Anyone bedding the CZ 550 Safari Magnum in its original stock?
If so, do you not use the front forend screw so it can be free floated?
changing out the trigger and safety but I’ll like to also finish out the upgrade with bedding and free floating the barrel
Regards
Mike
 
I have a BRNO 602 that is being built in .458 Lott. This action being very much the same as a CZ 550, how the gunsmith bedded the 602 should be relevant.

Note: For a .375 H&H, float the entire barrel. Of anything with higher recoil read on...

The background is a retired gunsmith had acquired many rifle parts and stock blanks over the past decades. With a BRNO 602 action and a .458 bore barrel blank he started “his” project a year or more ago. This is something the gunsmith is building for himself and at his pace. He is not building the rifle to shoot, no he is building the rifle just because he wants to. The stock work on a piece of English Walnut was worth the rifle’s cost so I elected to buy it! I'm a sucker for lovely wood!

As for bedding, the forward barrel lug screw was removed. Both recoil lugs are fully bedded to distribute the recoil of a great area of the stock. The portion of the barrel forward of the forward lug is free floated.

FYI, between the recoil lugs I provided a 3” x ½” tungsten rod for a little extra rifle weight. The placement will be just behind my forward hand when shooting to keep the weight “between the hands”. Like a fine shotgun, having most weight between the hands provides more lively “movement of inertia”. https://en.wikipedia.org/wiki/Moment_of_inertia

A few years ago another gunsmith and unfortunately now a late friend would repair stocks cracked or broken at the wrists using a fiberglass rod. For the BRNO .458 Lott, I discussed with the builder adding this prior to any cracking. He told be for adding such, he would bore a hole through the wrist from where the rear portion of the action would be. We haven’t come to a decision on the fiberglass rod because the grain of the stock flows as it should through the wrist. For a CZ factory stock in .458 Lott or higher recoil chambering, a fiberglass rob might be wise before a crack develops. Rumor is that most all CZ 550 stocks for the high recoil chambering’s develop a crack.
 
I have a BRNO 602 that is being built in .458 Lott. This action being very much the same as a CZ 550, how the gunsmith bedded the 602 should be relevant.

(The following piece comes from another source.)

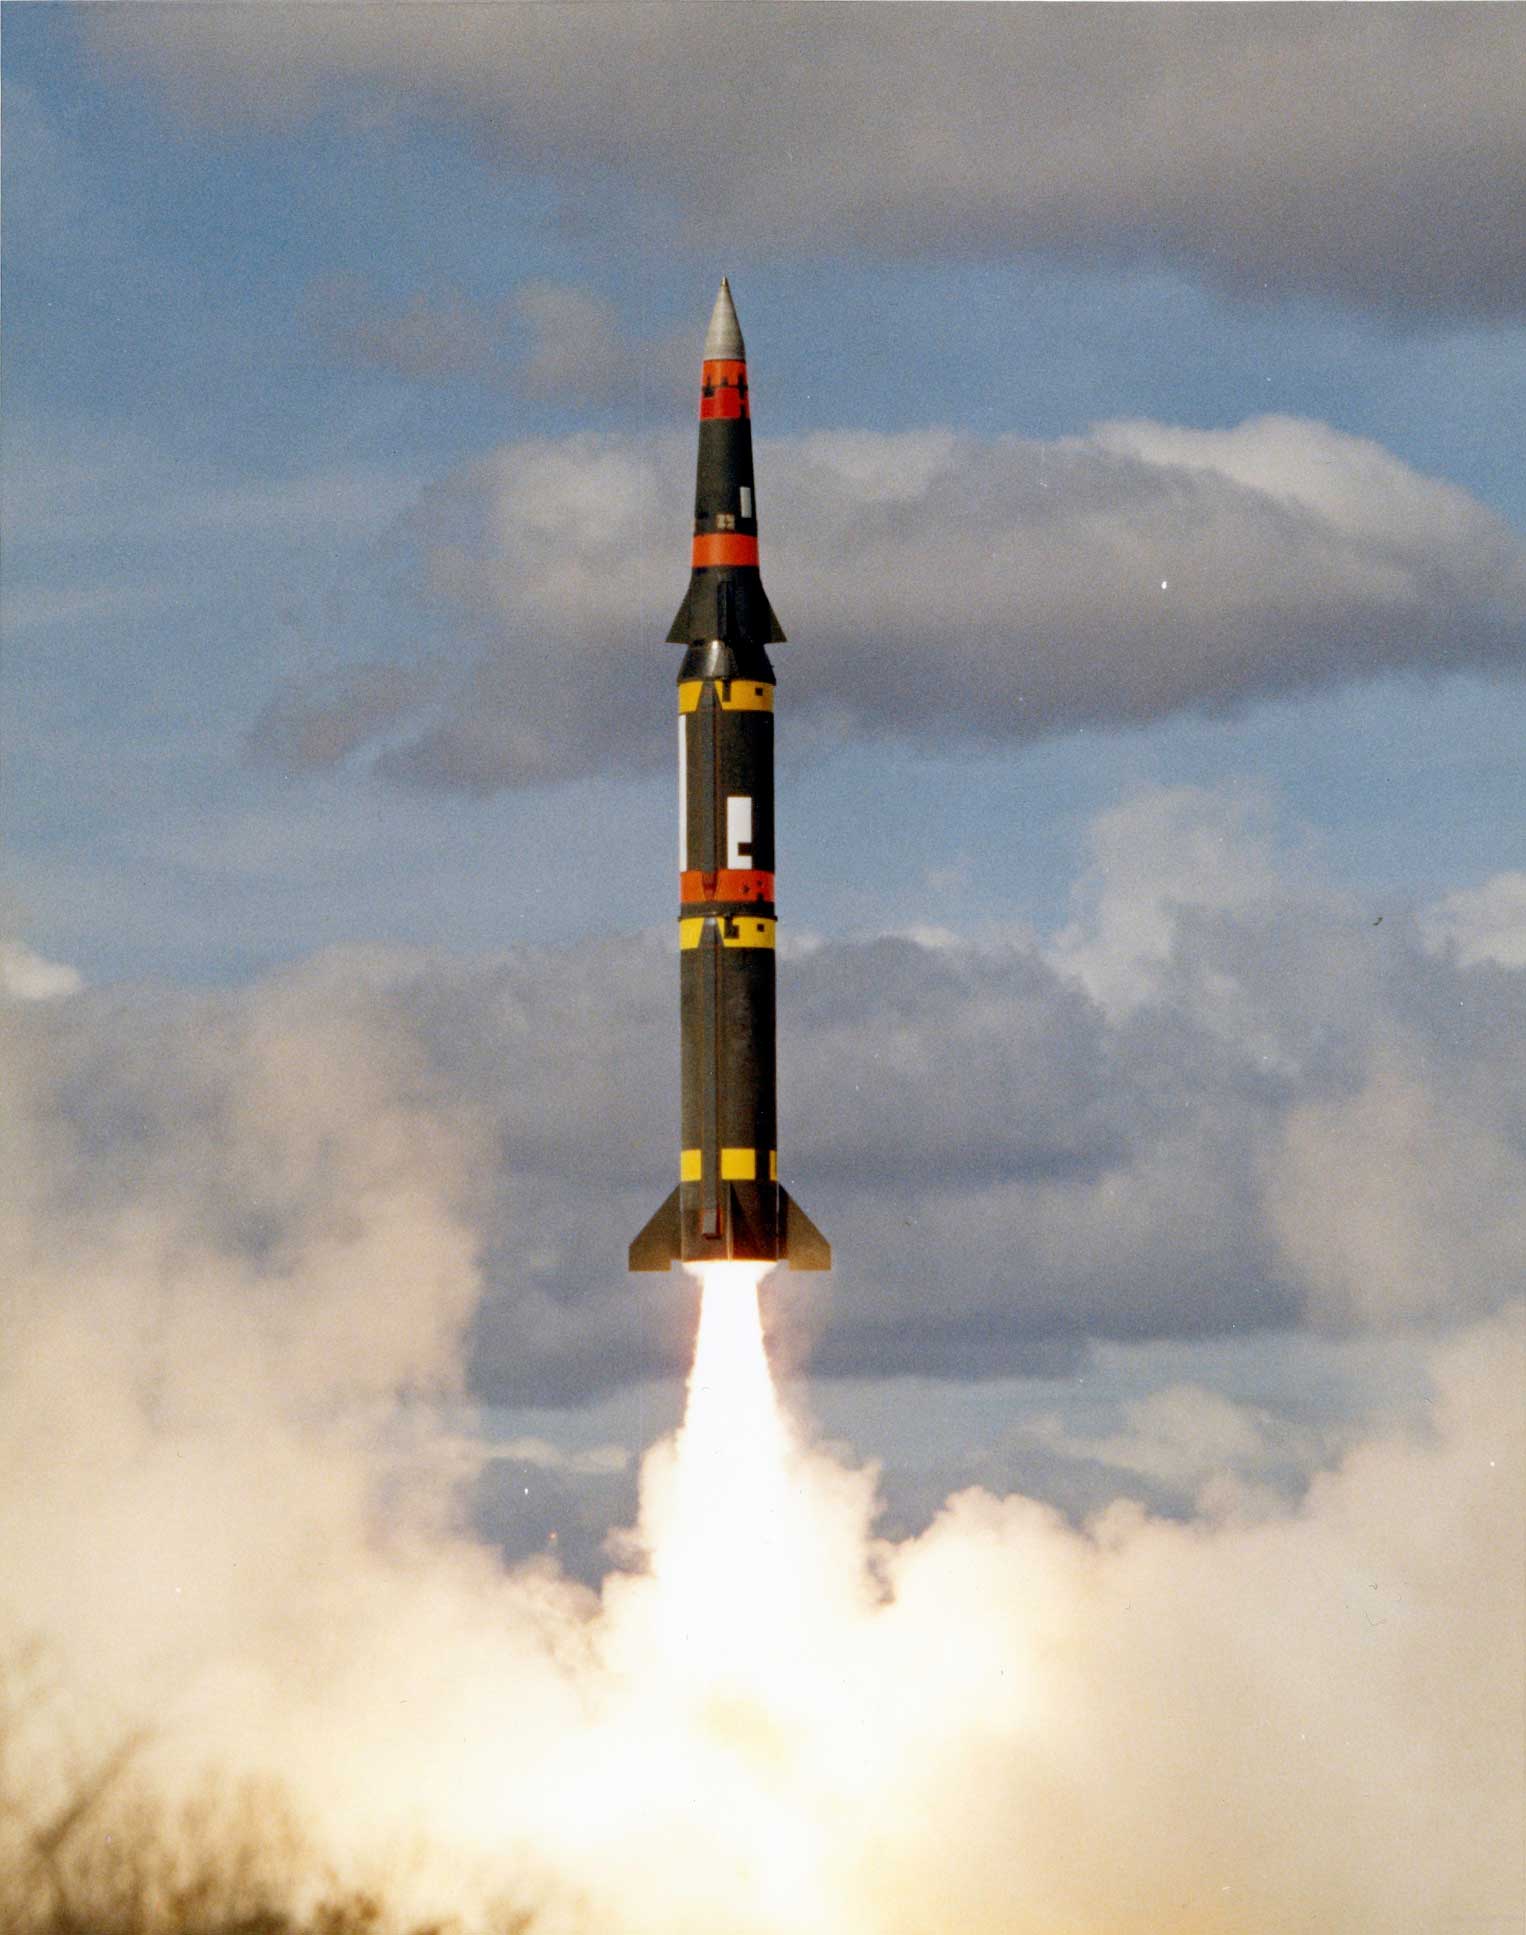 A test launch of the Pershing II missile

Note: For a .375 H&H, float the entire barrel. Of anything with higher recoil read on...

The background is a retired gunsmith had acquired many rifle parts and stock blanks over the past decades. With a BRNO 602 action and a .458 bore barrel blank he started “his” project a year or more ago. This is something the gunsmith is building for himself and at his pace. He is not building the rifle to shoot, no he is building the rifle just because he wants to. The stock work on a piece of English Walnut was worth the rifle’s cost so I elected to buy it! I'm a sucker for lovely wood!

As for bedding, the forward barrel lug screw was removed. Both recoil lugs are fully bedded to distribute the recoil of a great area of the stock. The portion of the barrel forward of the forward lug is free floated.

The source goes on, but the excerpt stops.